4 May '11
Oleg Kouzbit, Online News Managing Editor
Novolipetsk Steel, Russia’s third largest steel maker, is putting up $40m to renovate a production line at its Ekaterinburg-based VIZ-Stal. Since 2006 NLMK has spent $360m on making its regional production facilities more efficient and more innovative. Now a $25bn global major, NLMK’s continuing investment program is generating more than sales—its profit last year was $1.2bn and shareholders were rewarded with a dividend payout of almost $400m.
Novolipetsk Steel, a multi-national Russian metallurgical company, has announced $40m worth of upgrades at its Ekaterinburg-based subsidiary, VIZ-Stal, Russia’s second largest producer of electric steel. The Urals asset is reportedly modernizing its AEIP-8 steel strip electric insulation unit.
Set up in 1934, Novolipetsk Steel (LSE: NLMK) is now one of Russia’s top-3 steel manufacturers with business interests in the CIS, Western Europe and the United States. The $24.2bn NLMK group employs about 70,000 people and consists of steelmaking, coking coal, chemical and mining segments.

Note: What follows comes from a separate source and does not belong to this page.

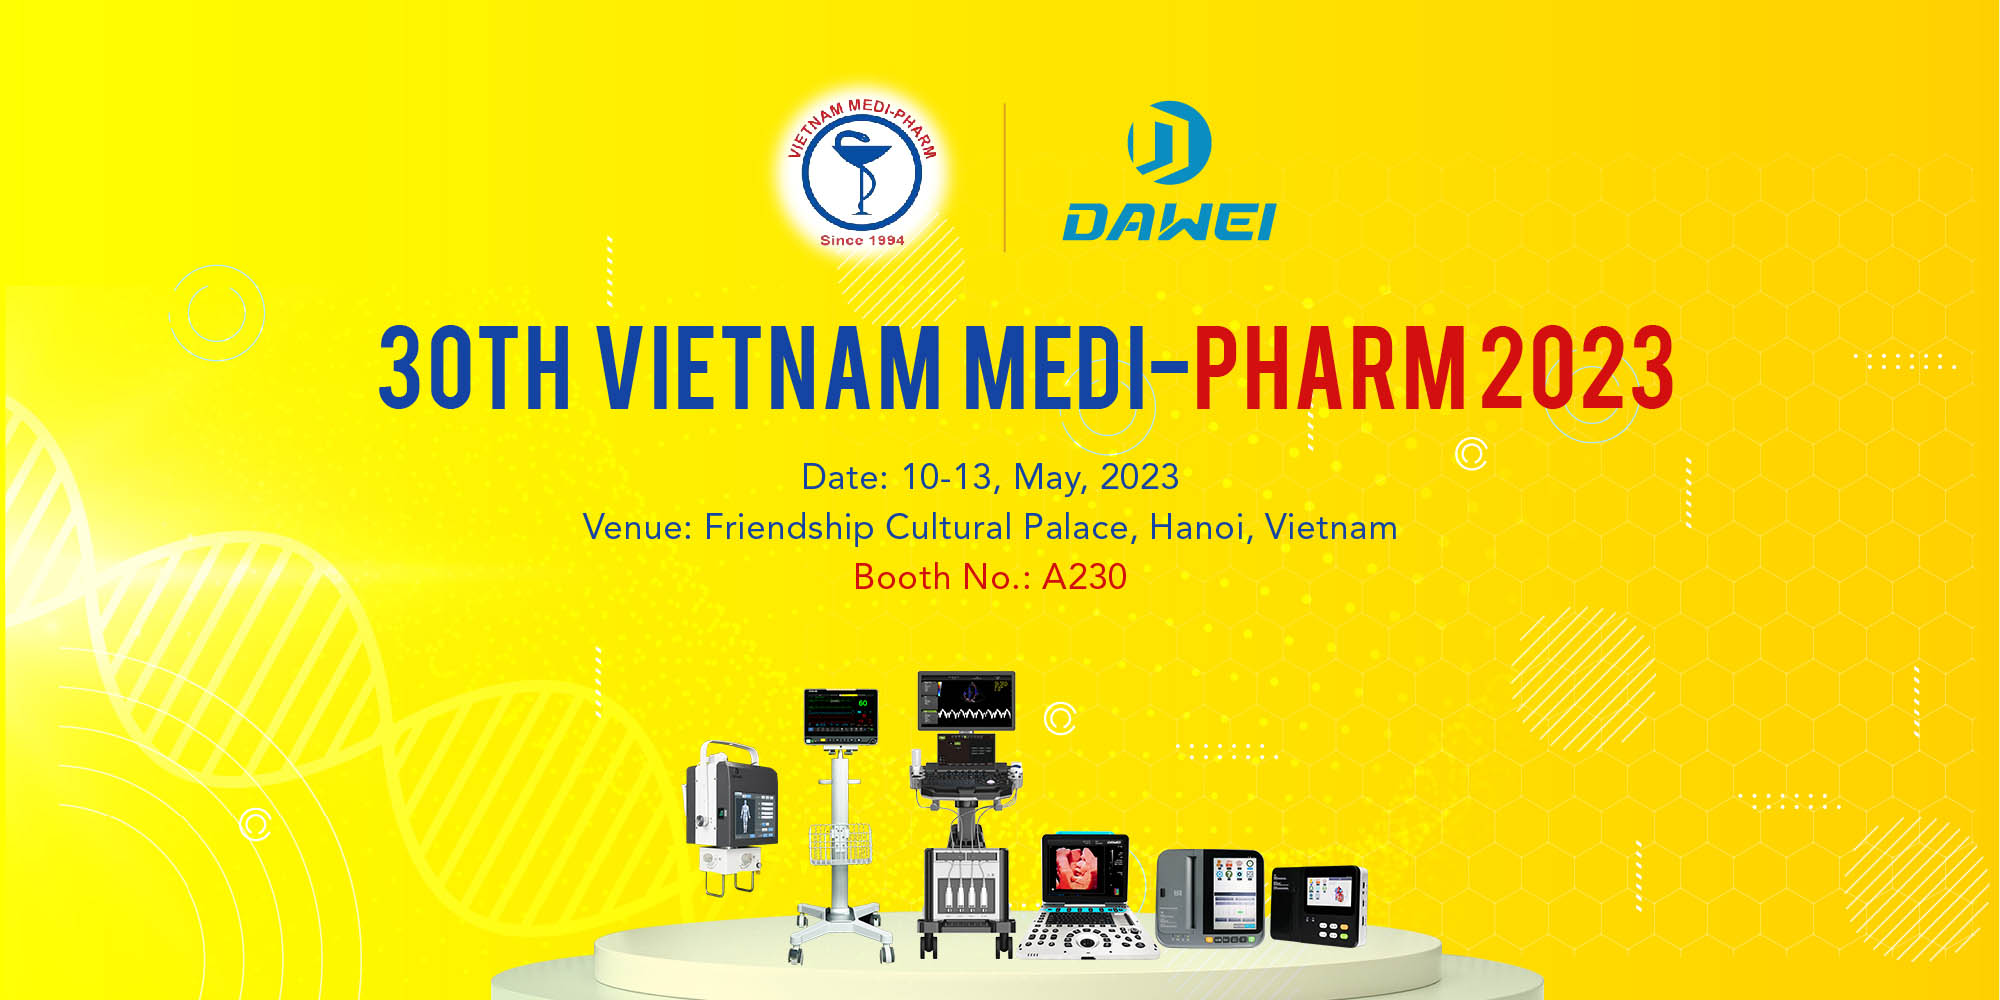 dawei Medical 30th Vietnam Medi-Pharm 2023 සඳහා සහභාගී වනු ඇත
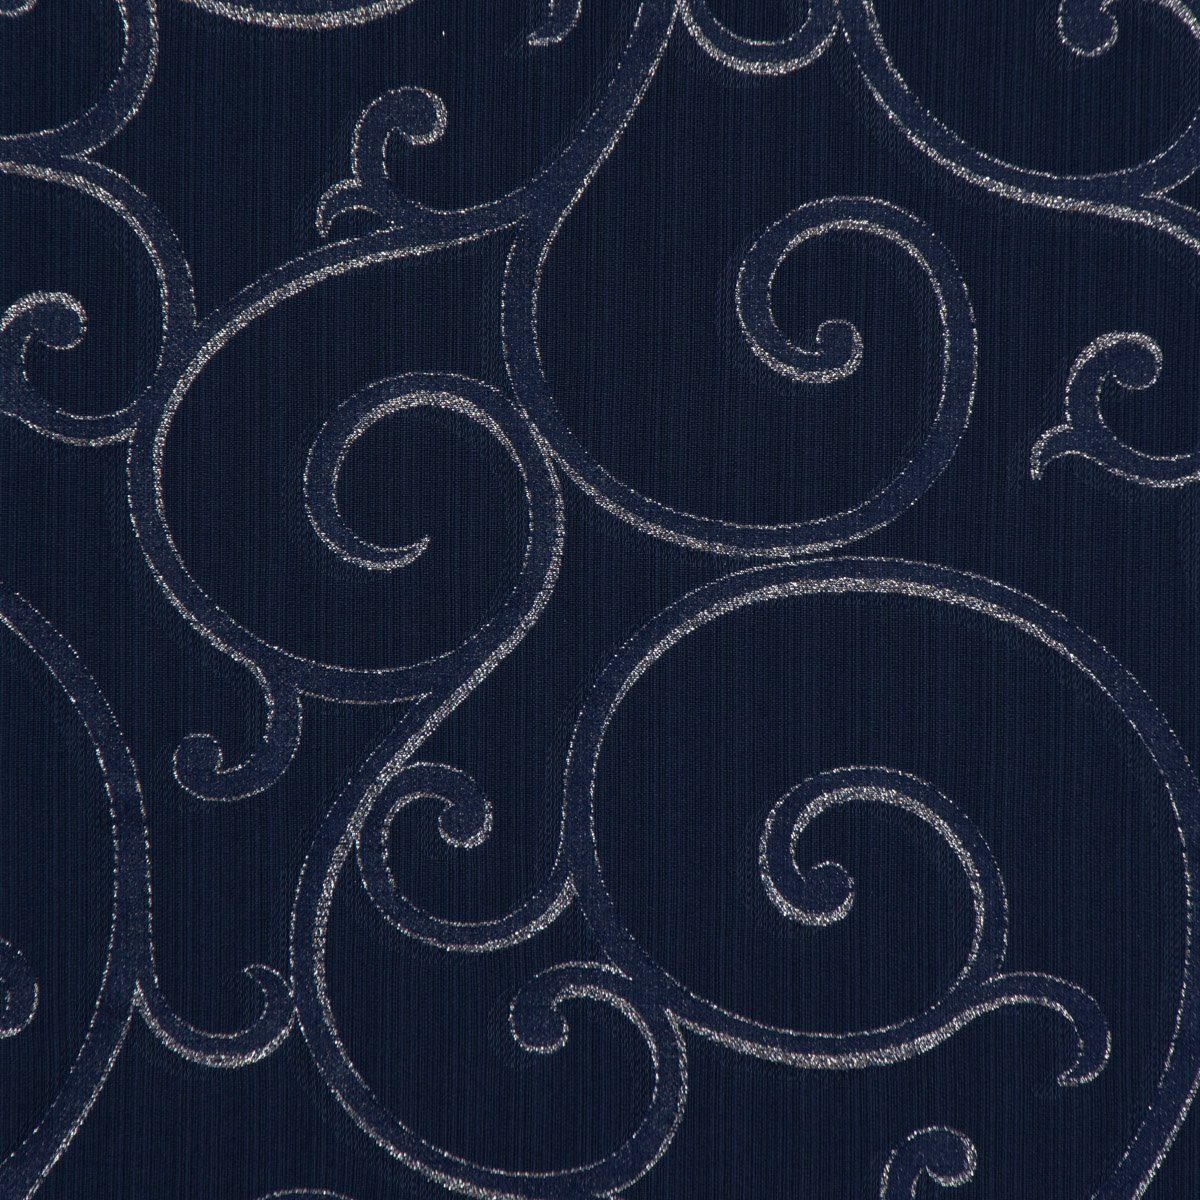 SCHÖNER LEBEN. Tischläufer SCHÖNER dunkelblau Tischläufer Lurex Schnörkel handmade silb, LEBEN. Ornamente

Based in the city of Lipetsk, the holding develops a number of Russia’s key iron ore fields, including those located at the neighboring Kursk Magnetic Anomaly. Its Belgorod’s Stoilensky mining company is the RF’s third largest iron ore producer and gets most of its raw material from the Anomaly and another deposit, Donetsk Coal Basin just 500km south.
Russia’s wealthiest man
Russia’s wealthiest man (according to Forbes) and NLMK chairman Vladimir Lisin owns almost 90% of NLMK. The rest is held by company management and board members. The stock is publicly traded. Last year the group had sales of a reported $8.4bn and a net profit of $1.2bn. The firm has plans to pay about $390m in 2010 dividends.
Its Urals-based asset, VIZ-Stal, is a domestic leader in cold-rolled electric and transformer steel making with a capacity of more than 200,000 tons of products a year.
New equipment, new technology
According to NLMK, new equipment for the AEIP-8 insulation unit will be supplied from Germany and installed by its manufacturer, LOI. In 2013 the unit is scheduled for a restart. As a result of the investment the unit’s capacity is expected to increase more than 1.5 times and reduce electricity consumption by 30%.
AEIP-8 will also be VIZ-Stal’s first unit at its cold rolling mill to employ a new technology using natural gas to heat a steel strip instead of electricity.
Investing in its future
Novolipetsk Steel has been actively investing in its assets beyond the Urals. Its most recent plans cover coal mining and the development of Siberian fields, including Zhernovskoye outside Kemerovo. The firm is expected to invest another $40+m to tap into its huge 250 million ton proven B+C1 coal reserves.
The company’s key focus, however, is steel-making. It acquired its first Ural asset, VIZ-Stal, back in 2006. It inherited a lot of obsolete equipment, some from as far back as the early post-Soviet times.
Since then, the firm has spent an estimated $360m on technical upgrades and technological renovation for VIZ and its other regional asset in the town of Berezovsky, NLMK-Sort.
Last year NLMK reported about $40m worth of upgrades in the entire Ural region. For this year a $55m renovation program has been announced at VIZ-Stal alone. The group is bringing in new technology that will enable its Ekaterinburg subsidiary to start making a new product—high-permeability steel grades, with a capacity of up to 70,000 tons a year.